Provided data:

==============================

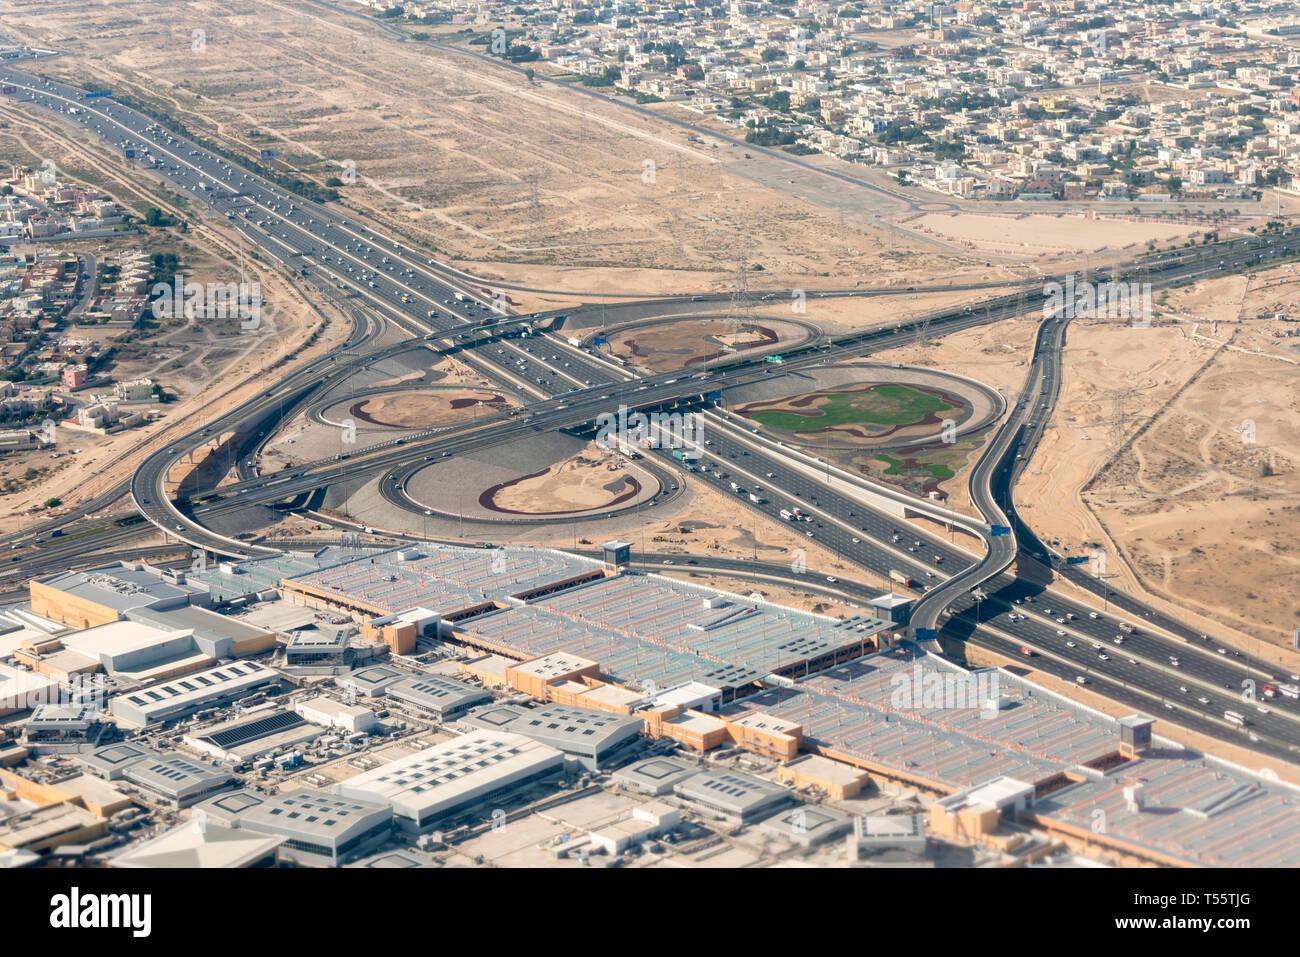 Aerial view of highway in Dubai, United Arab Emirates - Stock Image
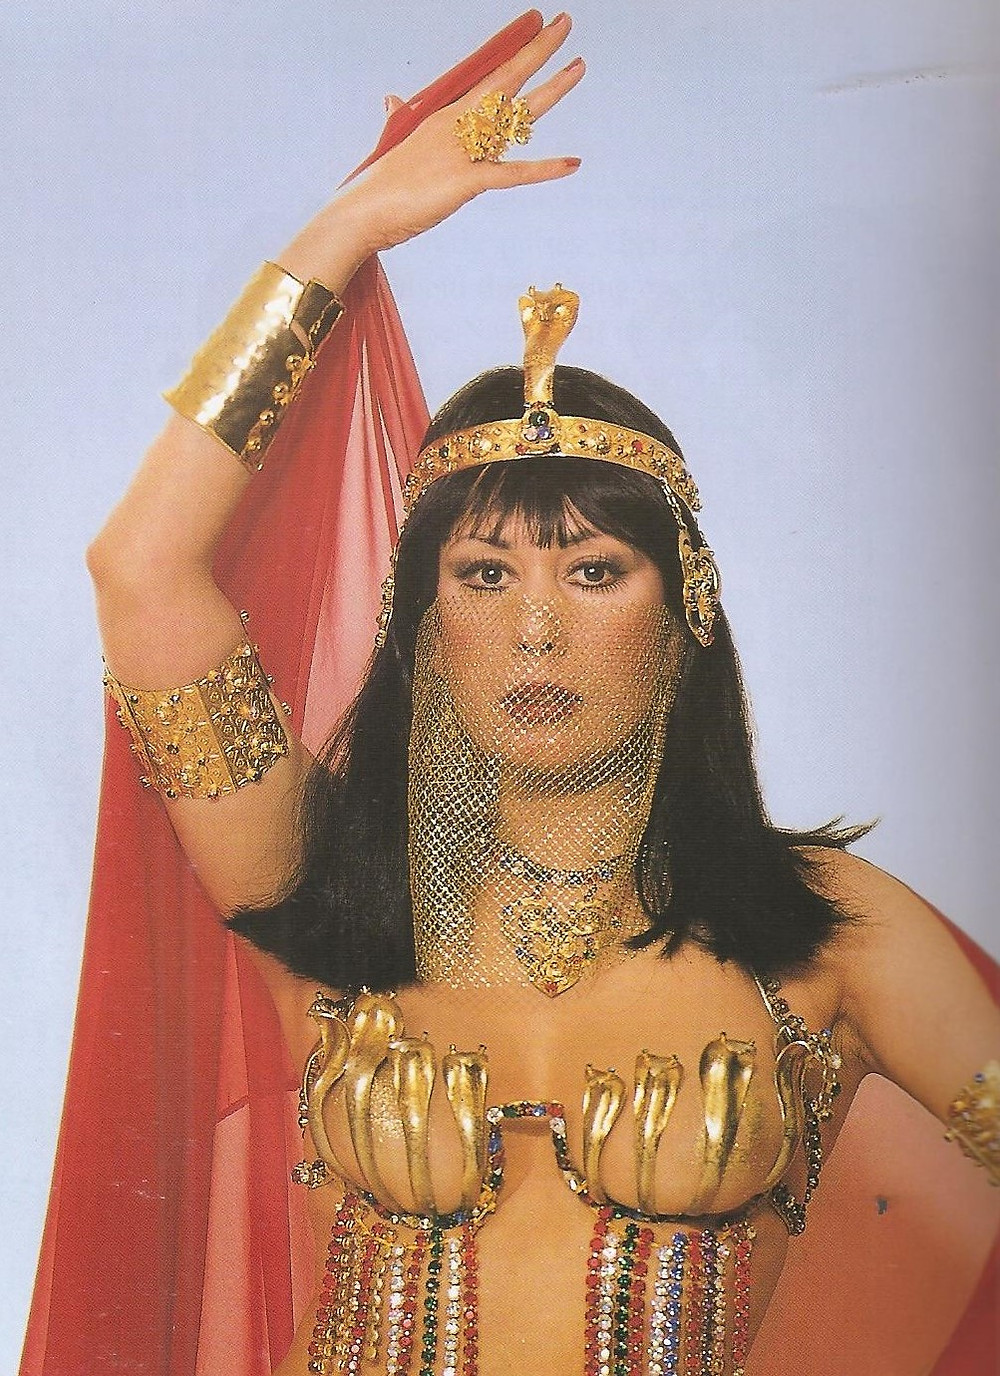 Princess Banu of Turkey
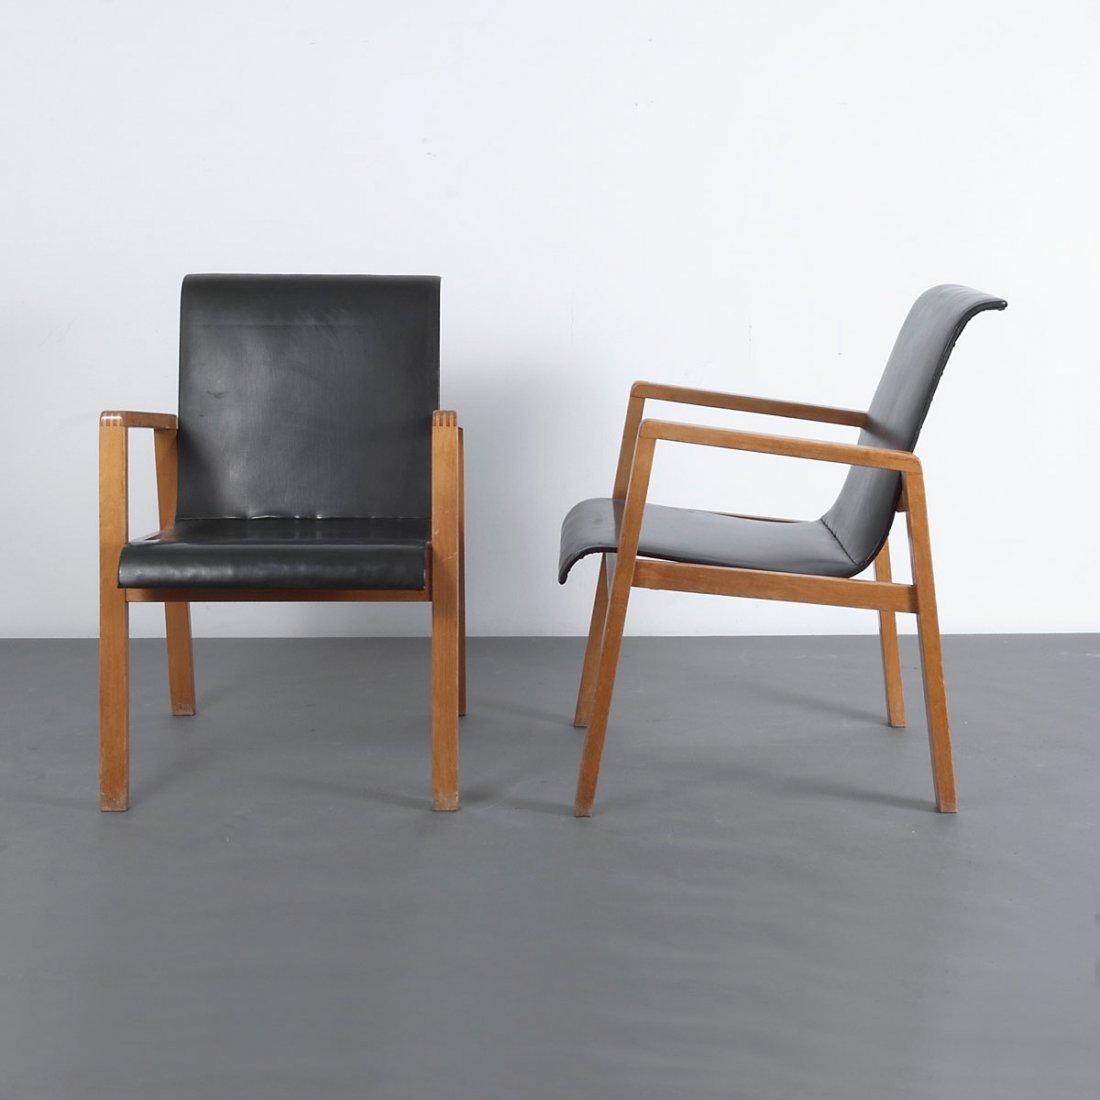 Alvar Aalto. Pair of '403' chairs, 1930-32. H. 76.5 x 5

==============================

Assigned task:
Your reply should hold exactly the lines from the line containing "Princess Banu of Turkey" through the final line of the listing, and none of the pictures.

Written response:
 Princess Banu of Turkey
 Alvar Aalto. Pair of '403' chairs, 1930-32. H. 76.5 x 5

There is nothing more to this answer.